I remember long paddles along rocky coasts with the wind whistling and surf crashing against the cliffs. A spring morning on the St. John River in Maine, with the forest wall echoing with birds calling so fervently their songs of passion and possession that the sounds of the river and our paddles in the water were completely drowned out. A mid-summer early morning on the Hudson in upstate New York, a long, forest-girdled deadwater, glassy in the still morning air, with the only sound the faint ripple of my kayak’s bow as it sliced cleanly through the still water, and the muffled plash of the paddle stroke. Winding through narrow mangrove alleys in Florida’s Everglades, hunting for alligators and gazing at the prehistoric, scaly beasts warming themselves on the occasional muddy bank, paddling under pendant epiphytes, their odd, spiky blossoms punctuating the solid greens with color. A tiny sound of clicking as a sandy bank, pocked with holes, explodes into hundreds of fiddler crabs saluting us with their over-sized claws as we drift past.

These memories, plus a taste for old tales of travel and how-to camping books of 1940 and earlier, always lead to romantic fantasies of what it would be like if North America could be returned to its state before the Euro-invasion starting in the 15th century. I won’t say a state of nature, because much of the area was actually managed by the locals, but the mark they made on the landscape was less obviously destructive than that which was to come.

I would, of course, not really want to paddle the forests of America in the 15th century. Lacking movies, smartphones, video games, and other electronic pastimes, the young men would amuse themselves with inter-tribal warfare, bringing home any prisoners to be adopted or excruciatingly done to death, depending on the day of the week or the general desire for some group entertainment.

I have often thought the ideal world for me would be pre-Euro America, with some modern conveniences, including doctors, a good supply of books, and a few convenient super markets in case I got tired of venison and succotash. One would need to have a modern forager’s knowledge, plus a plot of garden to grow corn, beans and squashes. Heck, since this is a fantasy, we’ll include carrots, potatoes, and a number of fruits and vegetables. The paddling, at least, would be fabulous.

Feeding oneself in this perfect world would not be much of a problem, as game abounded to a degree that we can hardly imagine. Lobsters the size of golden retrievers crawled about the inshore, although we would have to forgo lemons. Paddling them up from the tropics might be a logistical problem.

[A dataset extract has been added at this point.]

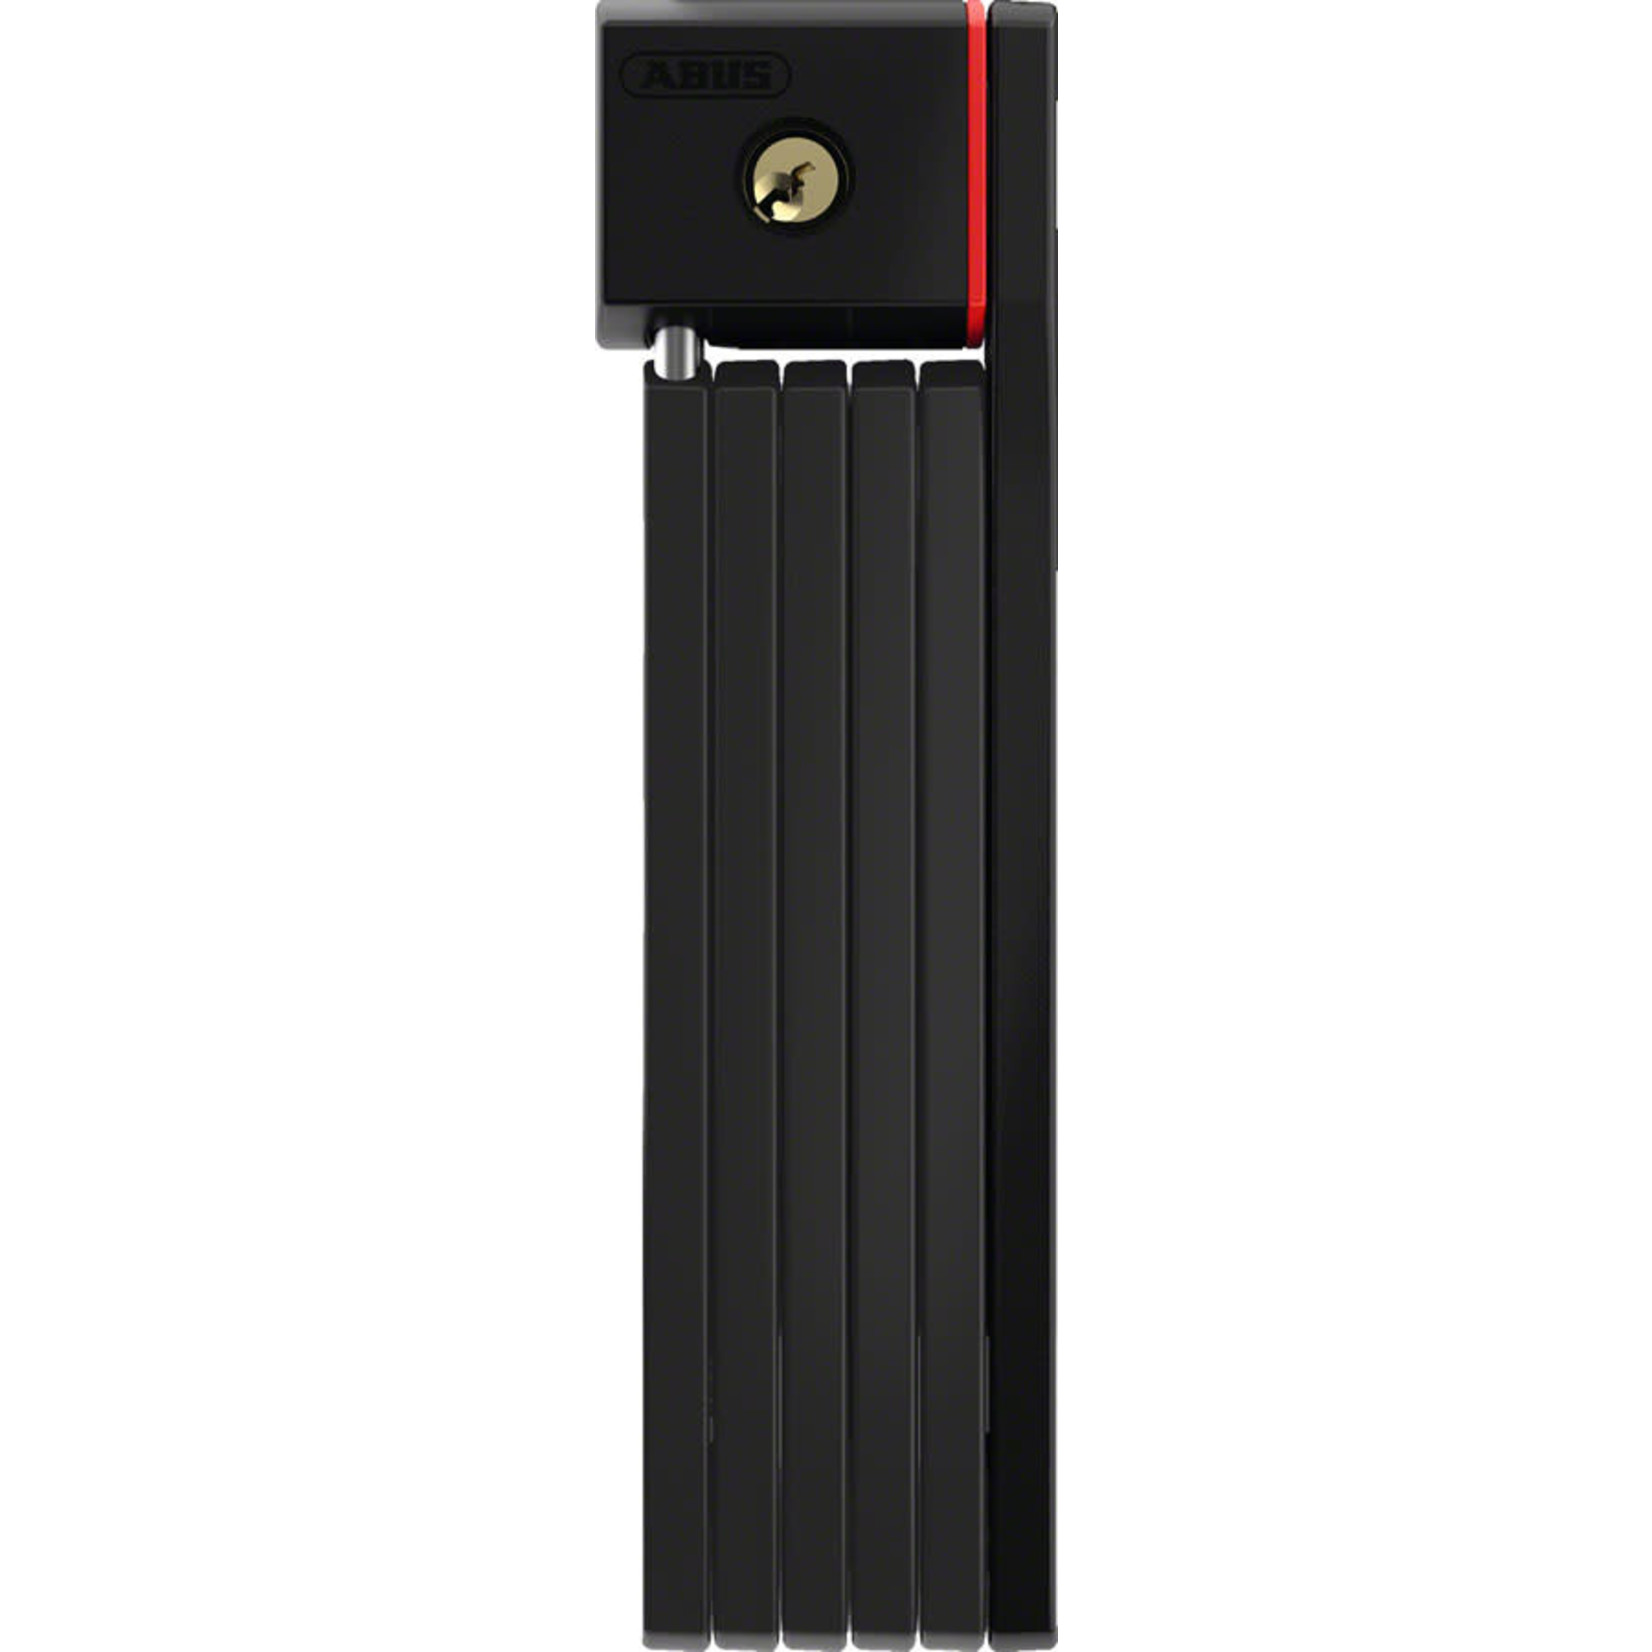 ABUS ABUS Keyed Folding Lock uGrip Bordo 5700 (80cm/2.6ft), Black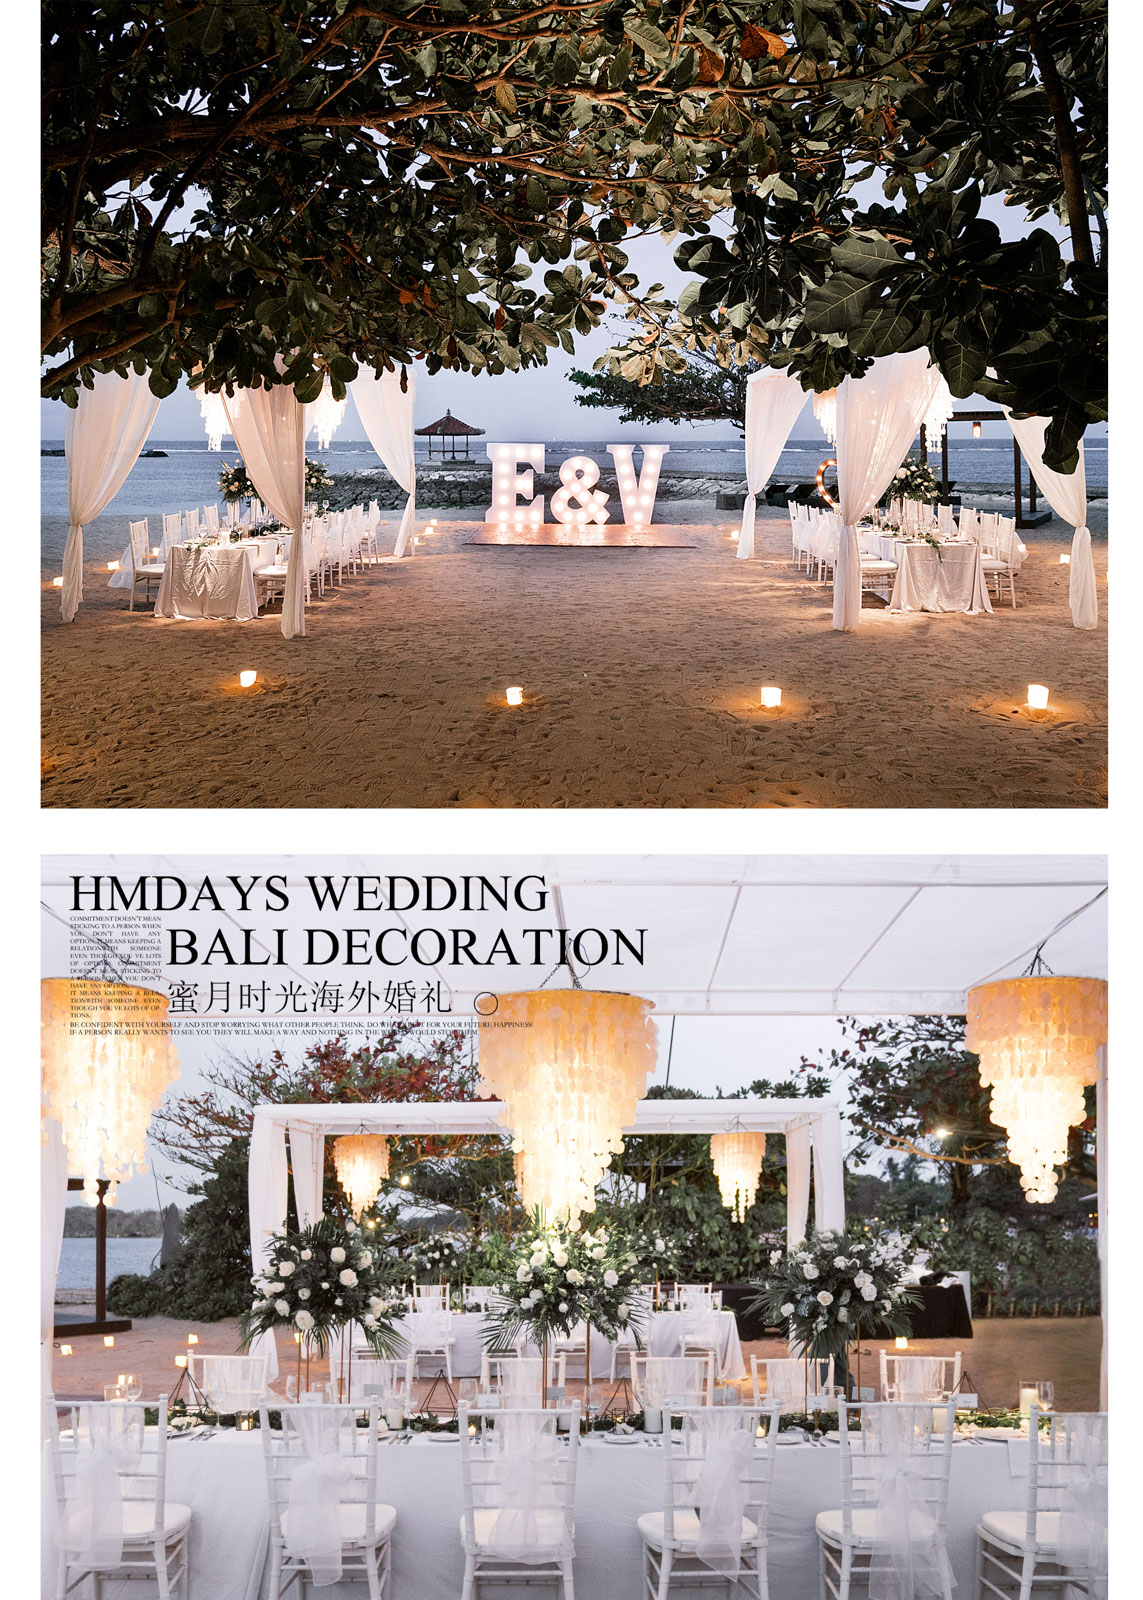 巴厘岛婚礼晚宴布置定制|海外婚礼定制中高端布置案例|巴厘岛婚礼布置定制案例

So, where to paddle? This is our dream voyage, after all. We could paddle south, with a long portage across Cape Cod, then along the coasts of Rhode Island and Connecticut, into the Harlem River. Crossing to the Hudson, we move north. We want to see the Great Lakes, so we have to decide on whether to go up the Mohawk or to continue north until we can cross over to Lakes George and Champlain, then down the Richelieu River into the St. Lawrence. On either track, we could hop over a few miles to wander around the Adirondack lakes for a few weeks, Of course, we could have gotten to the St. Lawrence with a long paddle Down East and around the GaspĂ© Peninsula. Lots of beautiful, pristine islands to camp on , and no worries about access. Up the St. Lawrence and spend a couple of years exploring the lakes, then south via the Mississippi to the Gulf of Mexico. From here, we turn east to travel down the Florida coast, gunkholing all the way through the waters described so feelingly by Robb White in How to Build a Tin Canoe. After some time revisiting the mangrove coast of the Everglades and the Keys, we move back north and west to take in the Texas beaches, continuing along the Gulf coast to Mexico and Central America, where we can visit the native civilizations in their fabulous, pre-Conquest glory. Remember, this is a fantasy journey, so we don’t have to worry about having our hearts ripped out to feed the Sky Gods, or having our skin end up as some priest’s pyjamas. The warrior classes in this world are more like Mardi Gras dance krewes: still gorgeously dressed, but not killing you on sight.

Surfeited with jungle and dishes cooked in chocolate, we turn north once more for the long paddle back to our hilltop wigwam in Ipswich and the end of our fantasy paddle.